### Exercise brief
Write out word for word each line from the one containing "Czech Defence Minister Karla Slechtova" through the close of the listing, including both ends. Pictures do not belong in the copy.

### Information shown
---*---
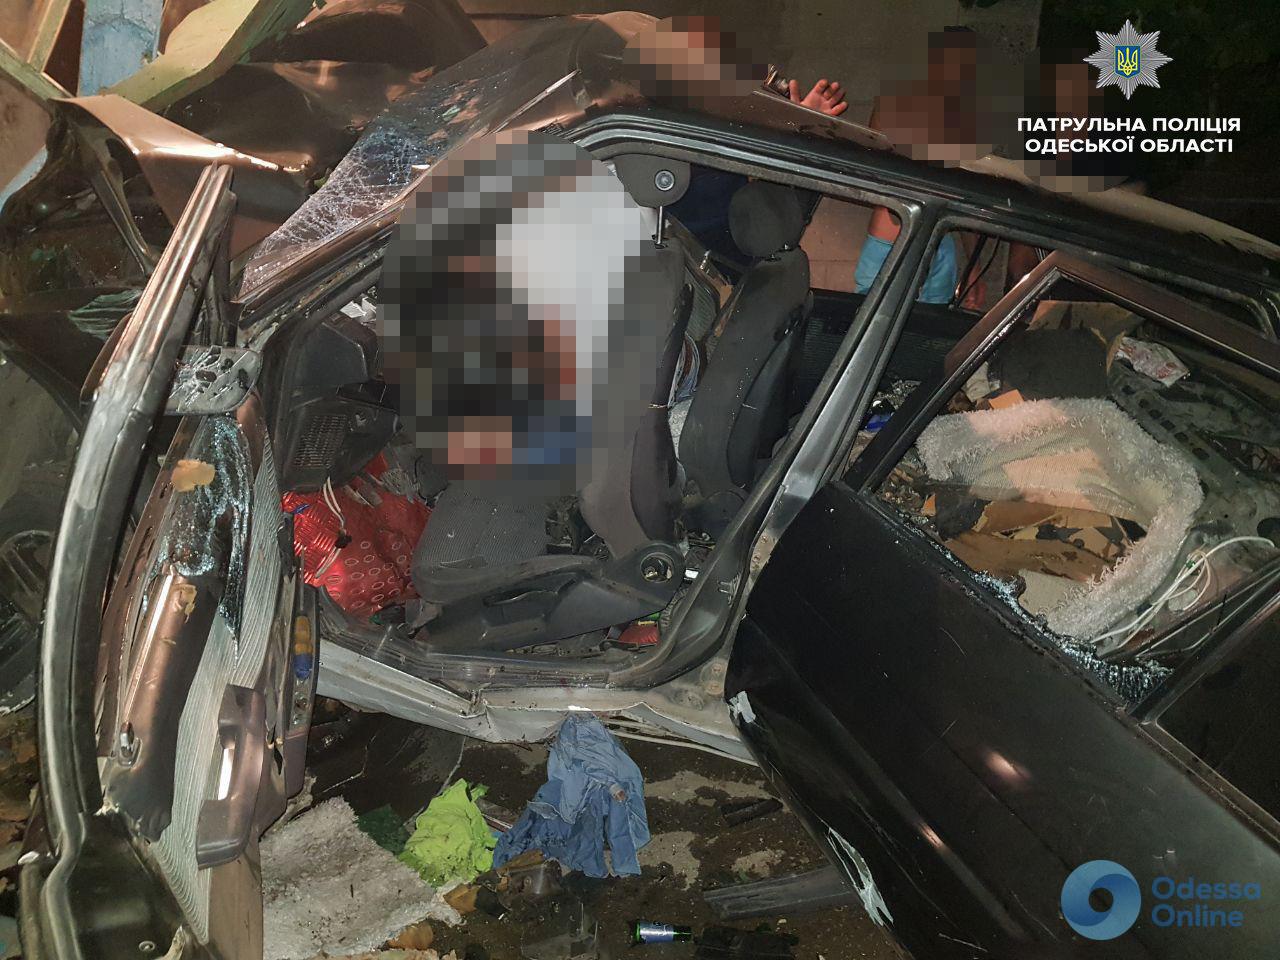 В Одессе на Слободке в результате ДТП погиб ребенок (фото, обновлено)
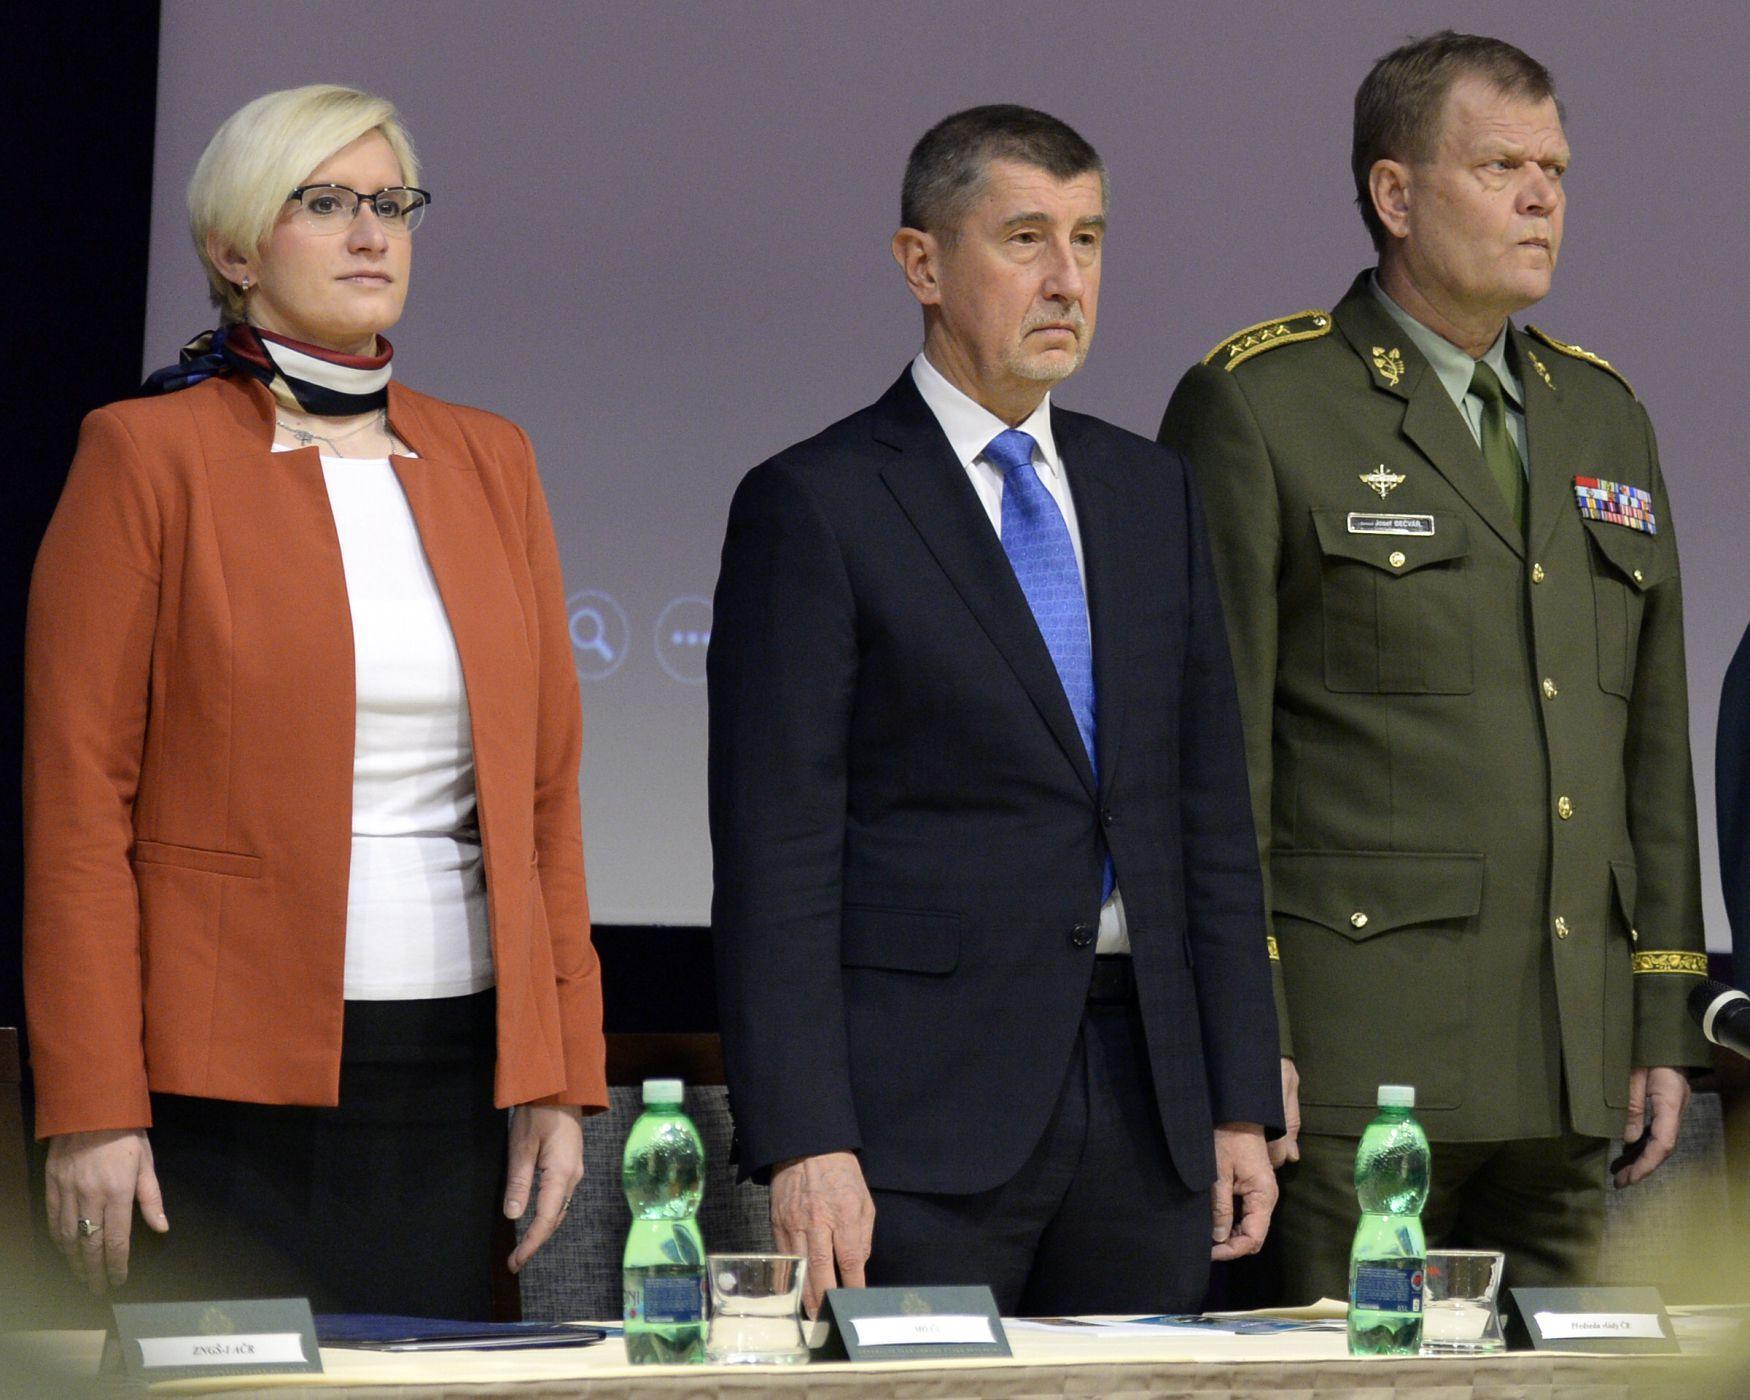 Czech Defence Minister Karla Slechtova
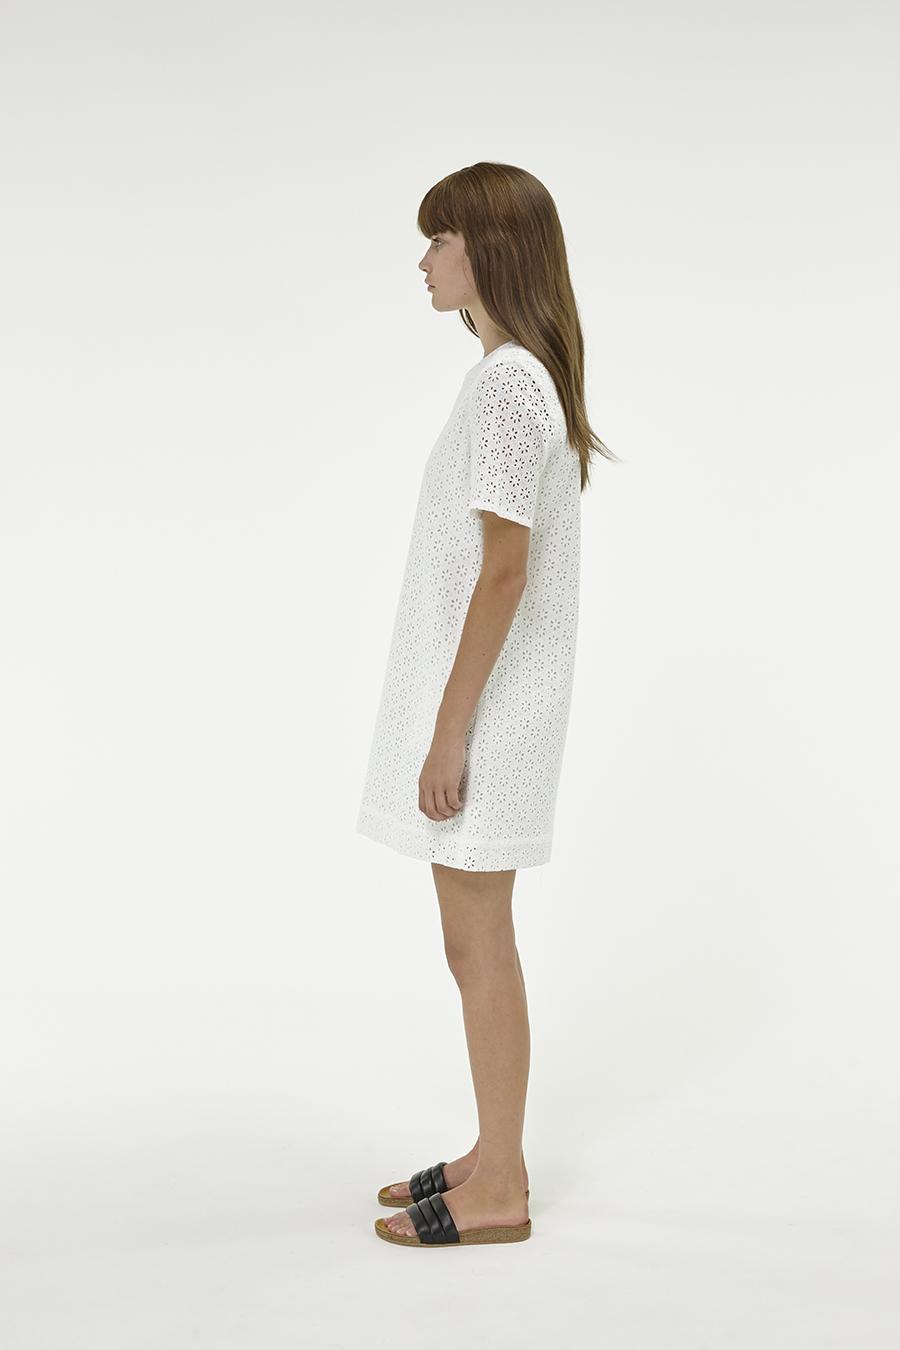 Huffer_Q3-16_W-Hope-Shell-Dress_White-02
---*---
### Output of the exercise
 Czech Defence Minister Karla Slechtova
 Huffer_Q3-16_W-Hope-Shell-Dress_White-02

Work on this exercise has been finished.